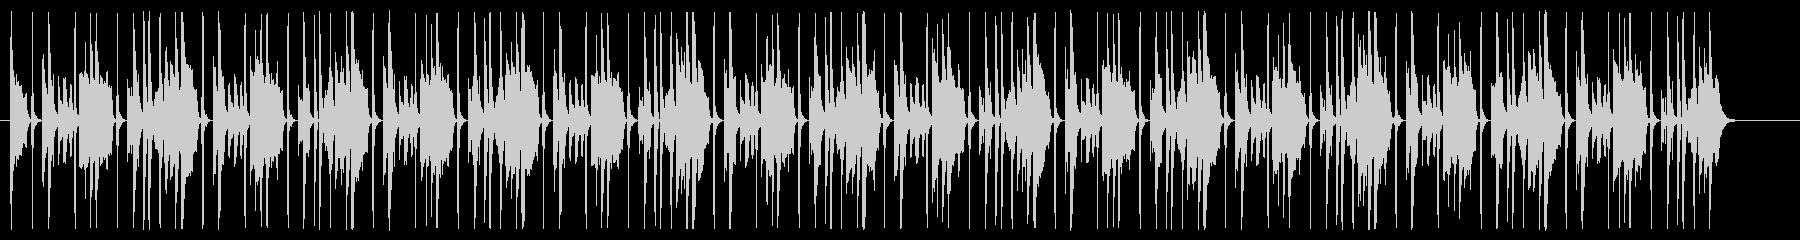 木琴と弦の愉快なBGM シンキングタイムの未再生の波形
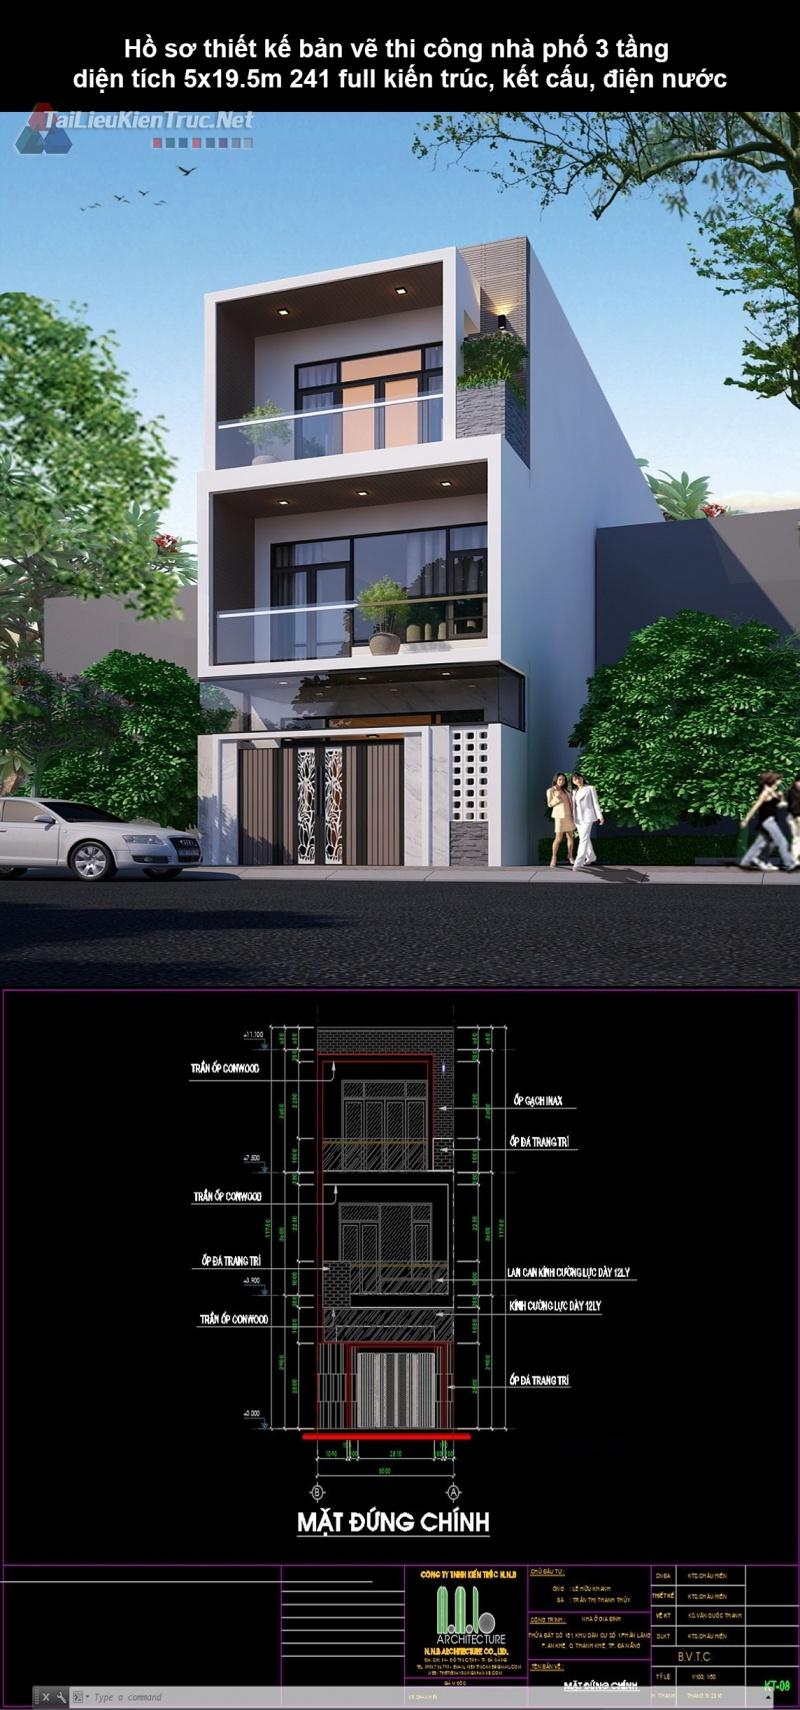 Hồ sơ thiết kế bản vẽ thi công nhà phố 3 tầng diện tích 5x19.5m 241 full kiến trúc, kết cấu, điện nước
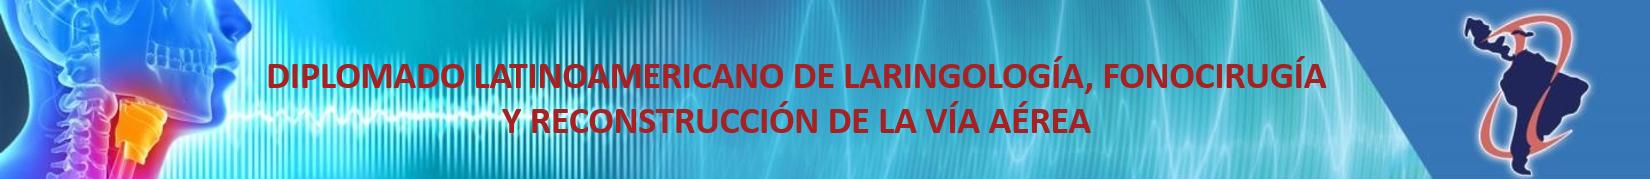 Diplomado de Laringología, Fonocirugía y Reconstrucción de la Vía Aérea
○ ○ ○ ○ ○
## What the exercise asks
Give back the data exactly. Pictures stay out.

## Exercise solution
 木琴と弦の愉快なBGM シンキングタイムの未再生の波形
 Hồ sơ thiết kế bản vẽ thi công nhà phố 3 tầng diện tích 5x19.5m 241 full kiến trúc, kết cấu, điện nước
 Diplomado de Laringología, Fonocirugía y Reconstrucción de la Vía Aérea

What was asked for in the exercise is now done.